During the process of the grape from young fruit to maturity, CS activity showed a trend of slow decrease, fast increase, and slow decrease in each treatment (Fig. 5A). Activity was highest at 85 d after the initial flowering and slowly decreased at 105 d after the initial flowering (maturity stage). Different concentrations of Pro-Ca treatment in each period increased the CS activity of the fruit. Among them, the CS activity of 600 mg·L-1 Pro-Ca treatment was highest at 45 d, 65 d, 85 d and 105 d after the initial flowering and was 60.19%, 53.17%, 38, 02% and 26.21% higher than that of the control. ACO catalyzes citric acid to produce water and cis-aconitic acid. Cyt-ACO and Mit-ACO are two isozymes in plants. The activities of Cyt-ACO and Mit-ACO were highest 45 d after the initial flowering, decreased rapidly, and then increased slowly with fruit development (Fig. 5B, C). Compared to control, Pro-Ca treatment increased the activities of Cyt-ACO and Mit-ACO. The activities of Cyt-ACO and Mit-ACO were highest in the treatment with 600 mg·L-1 Pro-Ca at 45 d, 65 d, 85 d and 105 d after the initial flowering. NAD-IDH is also a control factor for citric acid degradation. NAD-IDH activity (Fig. 5D) showed a trend that initially decreased slowly and then increased rapidly during fruit development. NAD-IDH activity was highest 105 d after initial flowering (maturity). At 45 d and 65 d after the initial flowering, the NAD-IDH activity of the 600 mg·L-1 Pro-Ca treatment was significantly higher (P < 0.05) than that of other treatments, which increased by 14.10% and was 11.54% higher than that of the control.

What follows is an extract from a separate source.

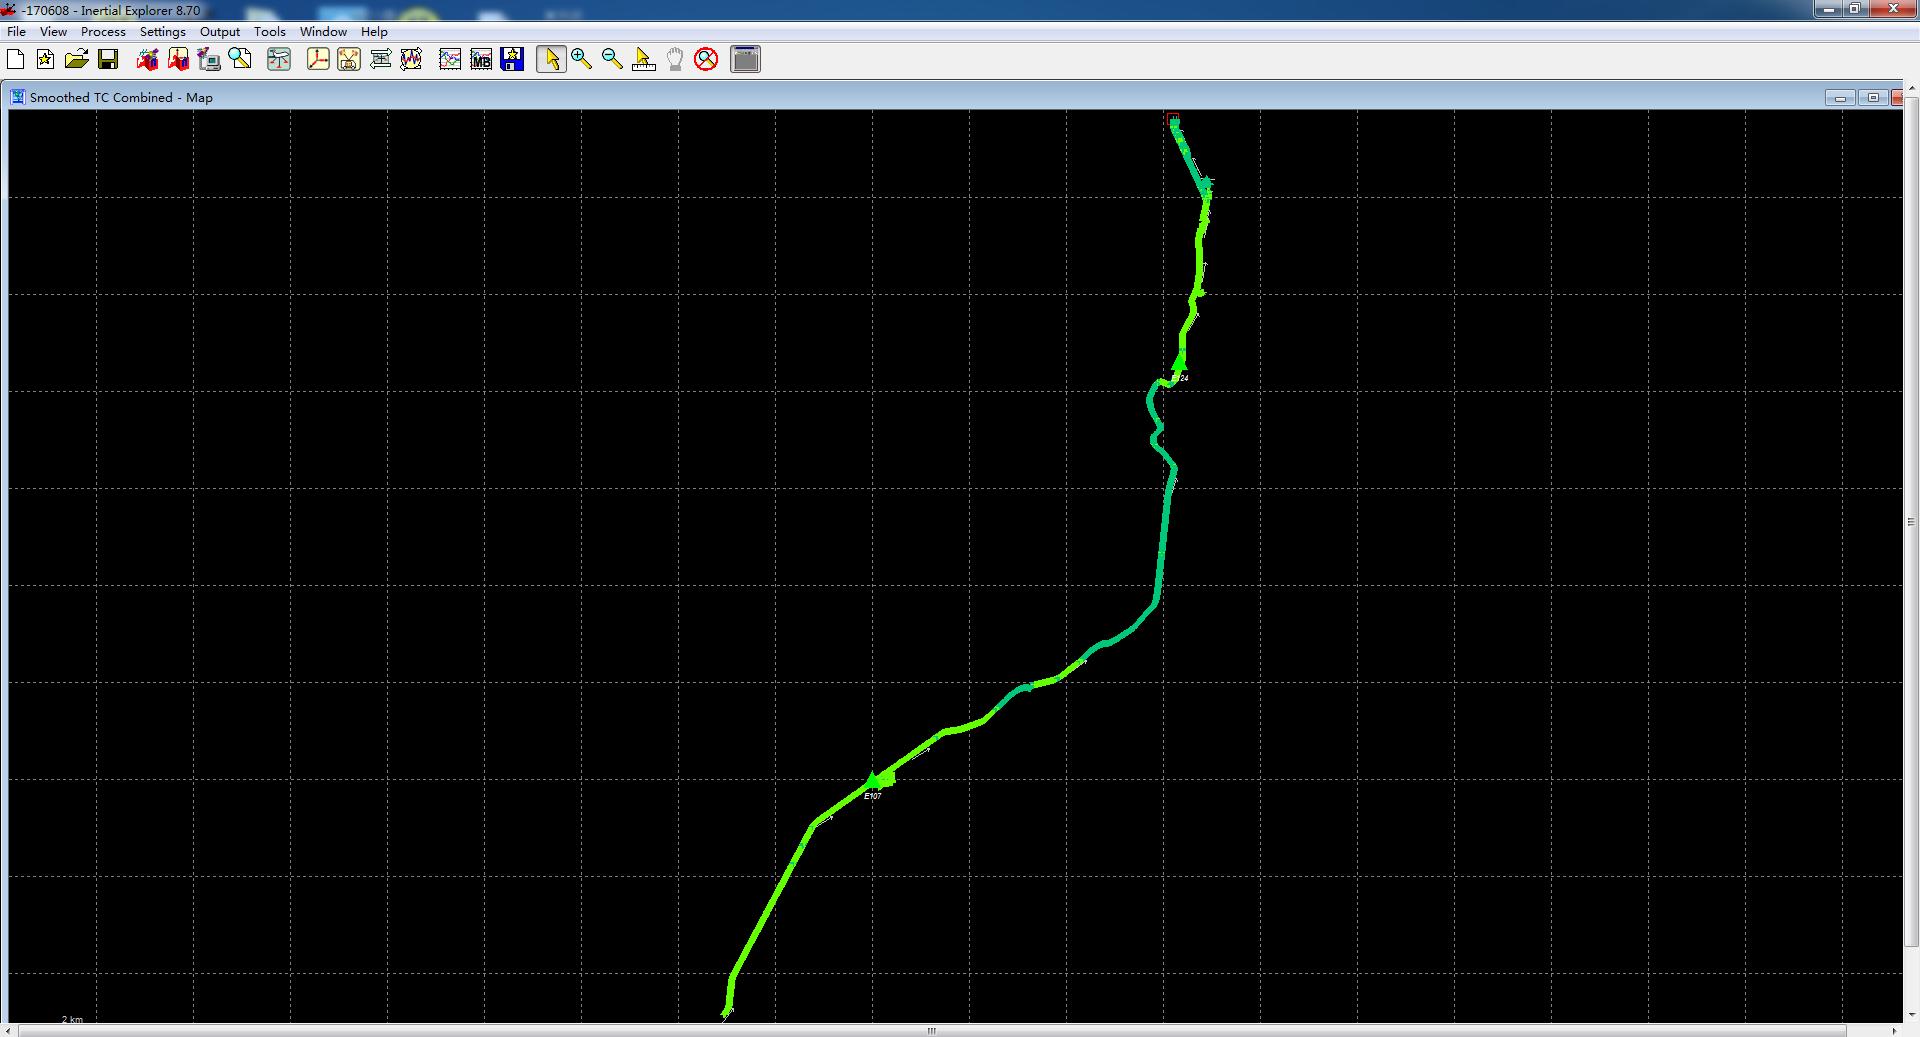 激光雷達系統應用于公路勘測的數據預處理POS解算圖,華測公路勘測應用方案分享

With the development and maturity of the fruit, the PEPC activity of the fruit decreased first, then increased and then decreased (Fig. 5E). With the increase of Pro-Ca treatment concentration, the PEPC activity of the fruit increased first and then decreased at each stage. Among them, the PEPC activity of 600 mg·L-1 Pro-Ca treatment was the highest at each stage, and the PEPC activity of 600 mg·L-1 Pro-Ca treatment was significantly higher than that of other treatments at 45 d after the initial flowering (P < 0.05), which was 27.58% higher than that of the control. The NAD-MDH activity decreased gradually during fruit development (Fig. 5F). Pro-Ca treatment increased the NAD-MDH activity of fruit. Among them, the NAD-MDH activity of 600 mg·L-1 Pro-Ca treatment was the highest at 45 d, 65 d and 85 d after the initial flowering, which was 36.82%, 23.54% and 25.85% higher than that of the control, respectively. The activity of NADP-ME increased first and then decreased during fruit development (Fig. 5G). The activity of NADP-ME decreased at 105 d after the initial flowering (maturity stage). With the increase of Pro-Ca treatment concentration in each period, the activity of NADP-ME in fruits increased first and then decreased. Among them, the activity of NADP-ME treated with 600 mg·L-1 Pro-Ca was the highest in each period.

Fig. 5
figure 5

Effects of Pro-Ca on the activities of enzymes related to organic acid metabolism in ‘Chardonnay’ fruit. (A) CS: citrate acid synthase. (B) Cyt-ACO: cytoplasmic aconitic acid enzyme. (C) Mit-ACO: mitochondrial aconitic acid enzyme. (D) NAD-IDH: NAD-isocitrate dehydrogenase. (E) PEPC: phosphoenolpyruvate carboxylase. (F) NAD-MDH: NAD-malate dehydrogenase (F) NADP-ME: NADP-malate enzyme. Results are means ± SE of three independent replications. Different letters represent significant differences between treatments (p < 0.05)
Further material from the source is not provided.